Click to see the plot comparison

We already talked about that, but as Figure 8 shows, the linear part represents the trainable pieces, which is the weight adjustment to the values that are being passed.

The news here is that we can put in multiple processing units, so from now on we can consider more neurons involved in the calculations. This also means that we can represent more complexity and granularity in the pattern it can learn. This has two direct implications: the possibility of having more accuracy and overfitting.

Overfit

When models are trained or tested for some generalization feature, they use some dataset as a source. With that, we can make it follow the desired behavior, but we can’t forget that at the end of the day we are searching for some pattern and trying to follow it. If we go too deep, we’ll become specialized in this pattern instead of this behavior. This phenomenon is what we call overfit. The simplest solution to prevent overfitting is to separate the dataset, usually 80/20, where 80 is the training data and 20 is the test data. Doing that, we can measure the MSE for both executions. The expected behavior is for the training error to be slightly below the test error, I mean, the training run should have a bit less error occurrence (the MSE can also be called the Loss function).
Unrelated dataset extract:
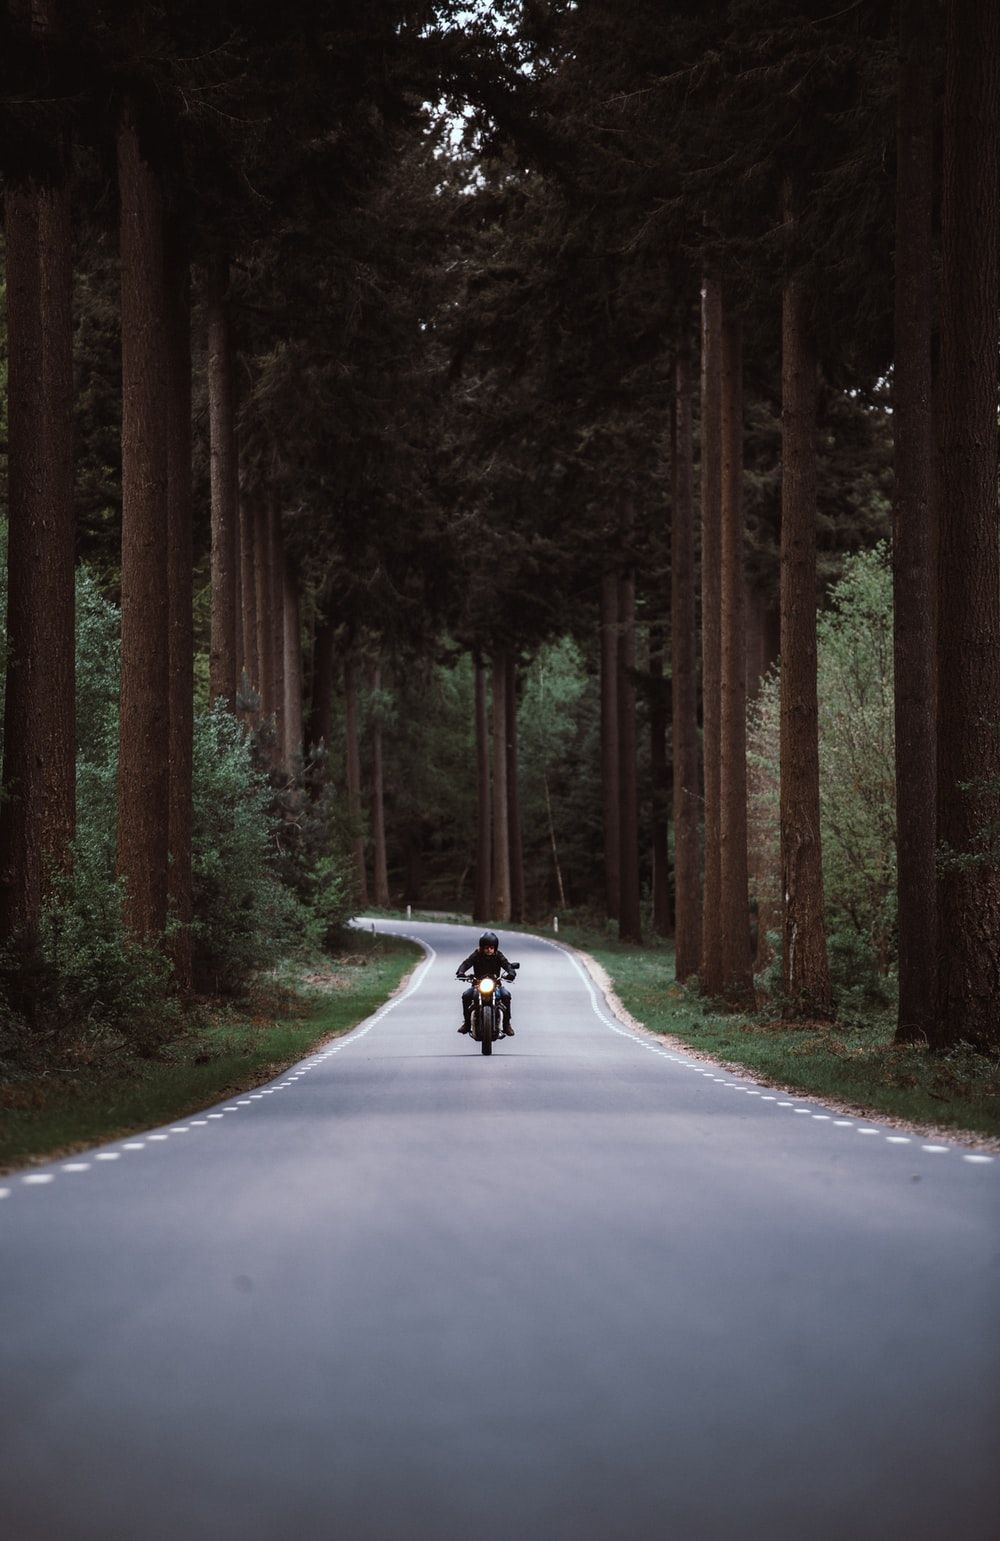 تصویر زمینه جاده و موتور سیکلت

This gif is an example of overfitting happening in polynomial regression, you can increase the polynomial level but eventually it becomes bounded to overfitting, then the outlier which could be the training data will be left out. Our situation is similar, adding more neurons add granularity and accuracy but can converge in this behavior. In other words, reduce the chances of correctly predicting if your roommate will forget the dishes again.

Overfitting animation showing polynomial fits from degree 1 to 15 — Figure 10 - Polynomial plot overfit

Activations | Sigmoids $\phi$

The sigmoids, also called activation , will be the nonlinear function that will add expressiveness to our models.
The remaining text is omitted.